Common libraries and parameters¶

In [1]:

import pandas as pd
import matplotlib.pyplot as plt
import seaborn as sns

In [2]:

# Don't show too many rows in Pandas Dataframes
pd.options.display.max_rows = 7

In [3]:

# Larger plots
plt.rcParams['figure.figsize'] = [16, 8]

Bubble map¶

https://www.python-graph-gallery.com/bubble-map/

In [4]:

# "pip install folium" might be needed first : https://pypi.org/project/folium/
import folium

In [5]:

# Make a data frame with dots to show on the map.
# All the values are the same, in order to check if the projection distorts the circles
data = pd.DataFrame({
   'lon':[-58, 2, 145, 30.32, -4.03, -73.57, 36.82, -38.5],
   'lat':[-34, 49, -38, 59.93, 5.33, 45.52, -1.29, -12.97],
   'name':['Buenos Aires', 'Paris', 'Melbourne', 'St Petersbourg', 'Abidjan', 'Montreal', 'Nairobi', 'Salvador'],
   'value': [50.0, 50.0, 50.0, 50.0, 50.0, 50.0, 50.0, 50.0]
})

data

Out[5]:

	lon	lat	name	value
0	-58.00	-34.00	Buenos Aires	50.0
1	2.00	49.00	Paris	50.0
2	145.00	-38.00	Melbourne	50.0
...	...	...	...	...
5	-73.57	45.52	Montreal	50.0
6	36.82	-1.29	Nairobi	50.0
7	-38.50	-12.97	Salvador	50.0

8 rows × 4 columns

Circles are distorted by Mercator projection¶

see https://en.wikipedia.org/wiki/Tissot%27s_indicatrix for more information

In [6]:

# Make an empty map
m = folium.Map(location=[20,0], tiles="OpenStreetMap", zoom_start=2)
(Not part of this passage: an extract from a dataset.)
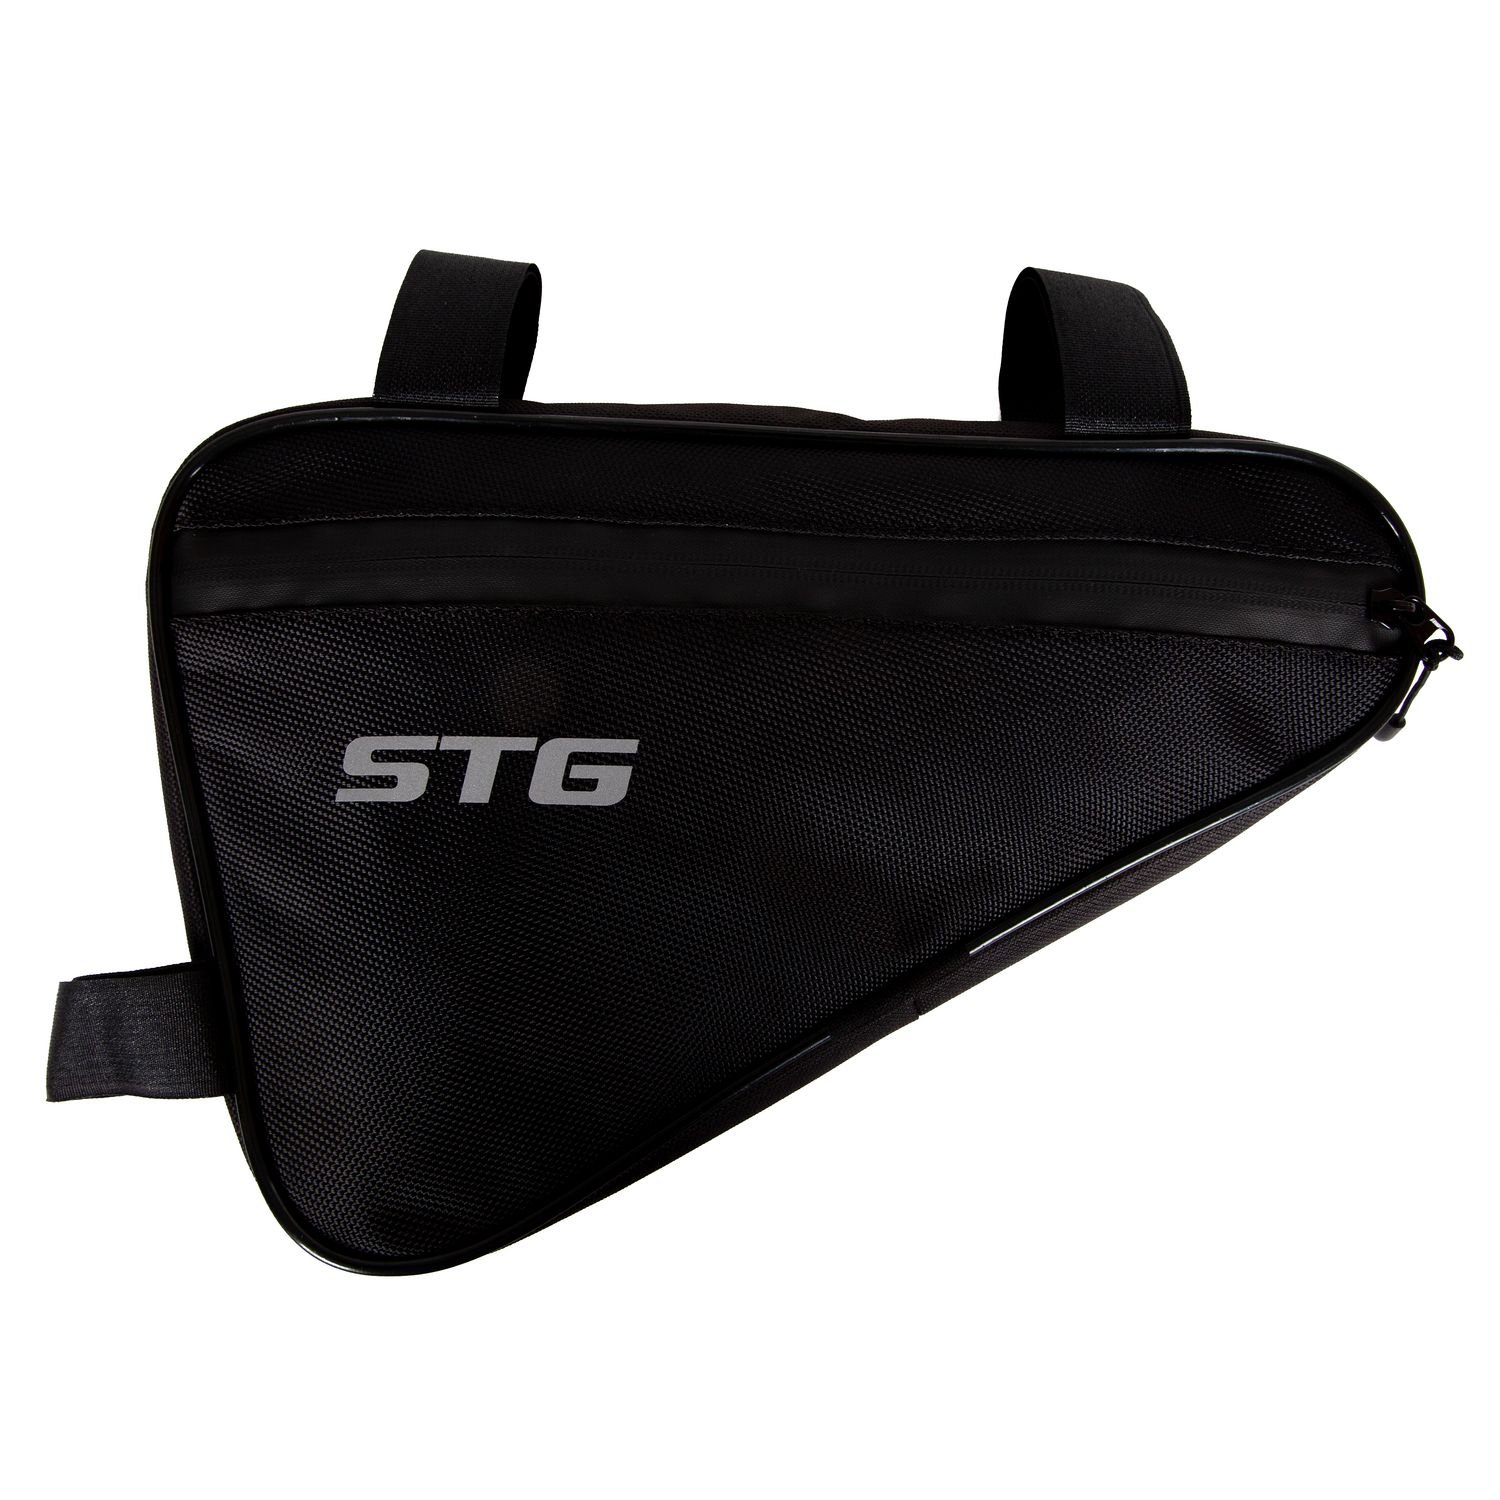 Велосумка STG 555-532, под раму, влагозащищенная, 31х20х5 см, 2.5 л, черный, Х108350 УТ-00286457 - фото 2
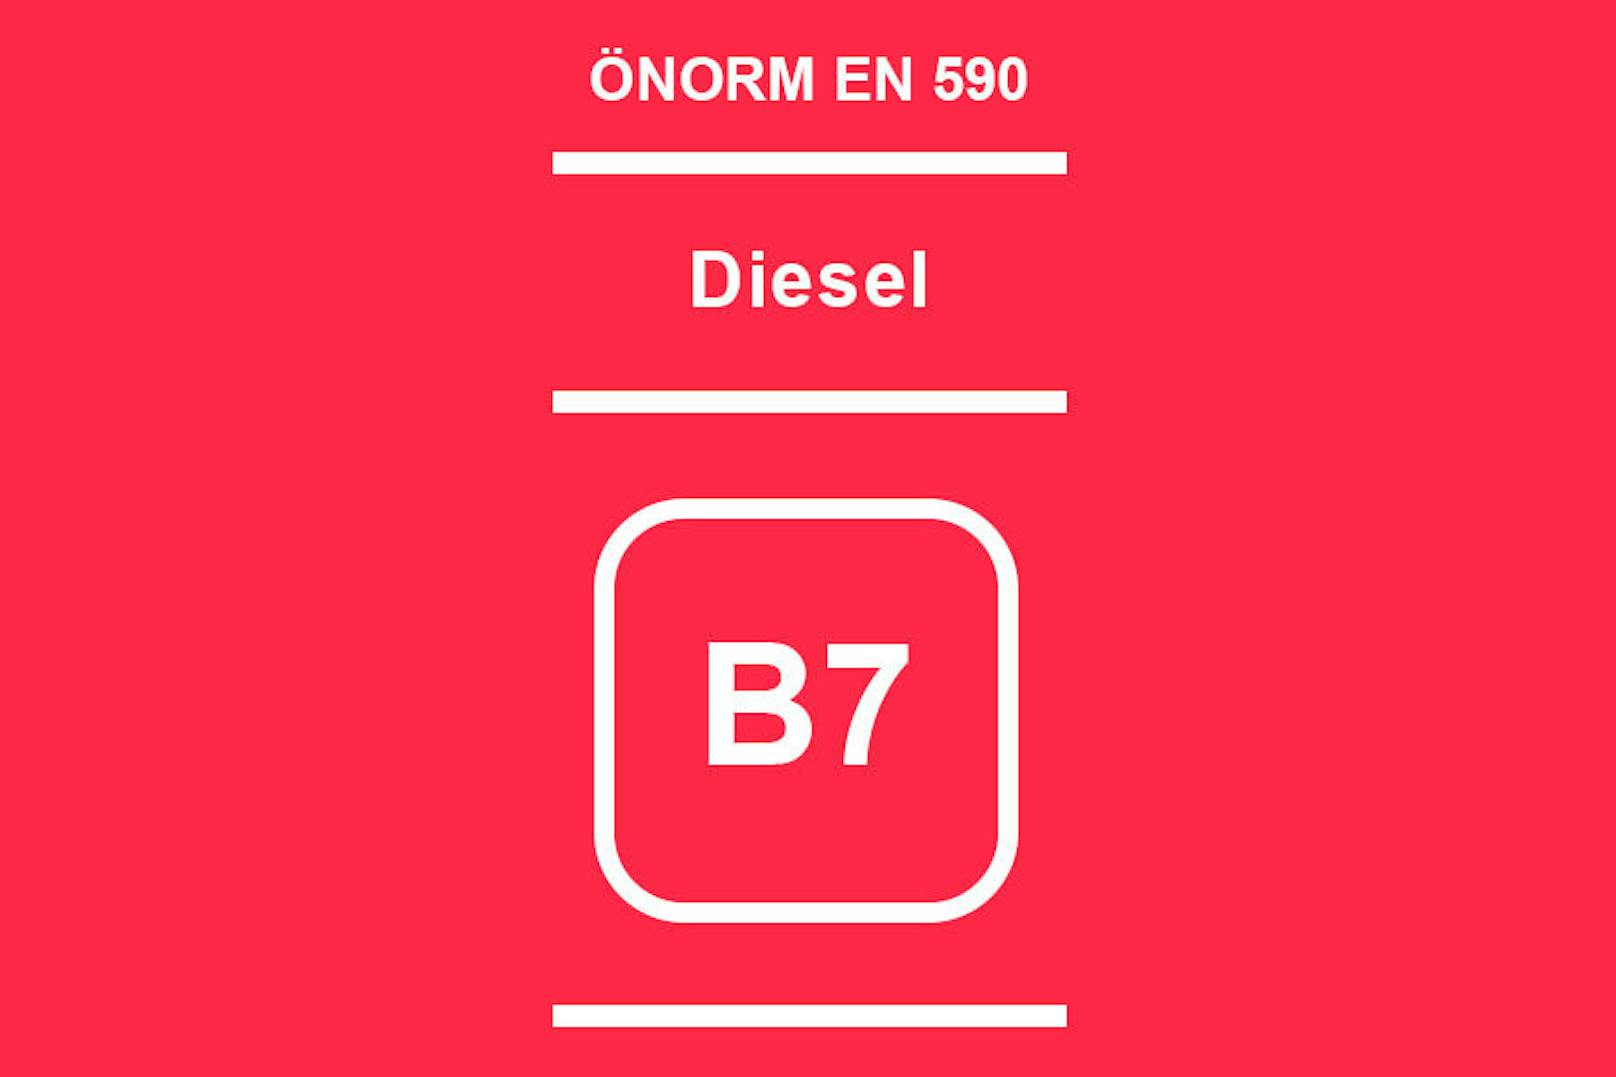 <b>B7: Diesel </b>mit einem Biokraftstoff-Anteil von bis zu 7 Prozent. Zusatzhinweis: Enthält metallische Zusätze.

# add marker one by one on the map
for city in data.itertuples():
    folium.Circle(
        location=[city.lat, city.lon],
        popup=city.name,
        radius=city.value * 20000.0,
        color='crimson',
        fill=True,
        fill_color='crimson'
    ).add_to(m)

m.get_root().html.add_child(folium.Element("<h3 align='center'>Map with distorted circles</h3>"))

# Show the map
m

Out[6]:

Make this Notebook Trusted to load map: File -> Trust Notebook

Avoiding deformation¶

In [7]:

import math
m = folium.Map(location=[20,0], tiles="OpenStreetMap", zoom_start=2)

# add marker one by one on the map, and account for Mercator deformation
for city in data.itertuples():
    local_deformation = math.cos(city.lat * math.pi / 180)
    folium.Circle(
        location=[city.lat, city.lon],
        popup='%s (%.1f)' % (city.name, city.value),
        radius=city.value * 20000.0 * local_deformation,
        color='crimson',
        fill=True,
        fill_color='crimson'
    ).add_to(m)

m.get_root().html.add_child(folium.Element("<h3 align='center'>Map with circles of correct size</h3>"))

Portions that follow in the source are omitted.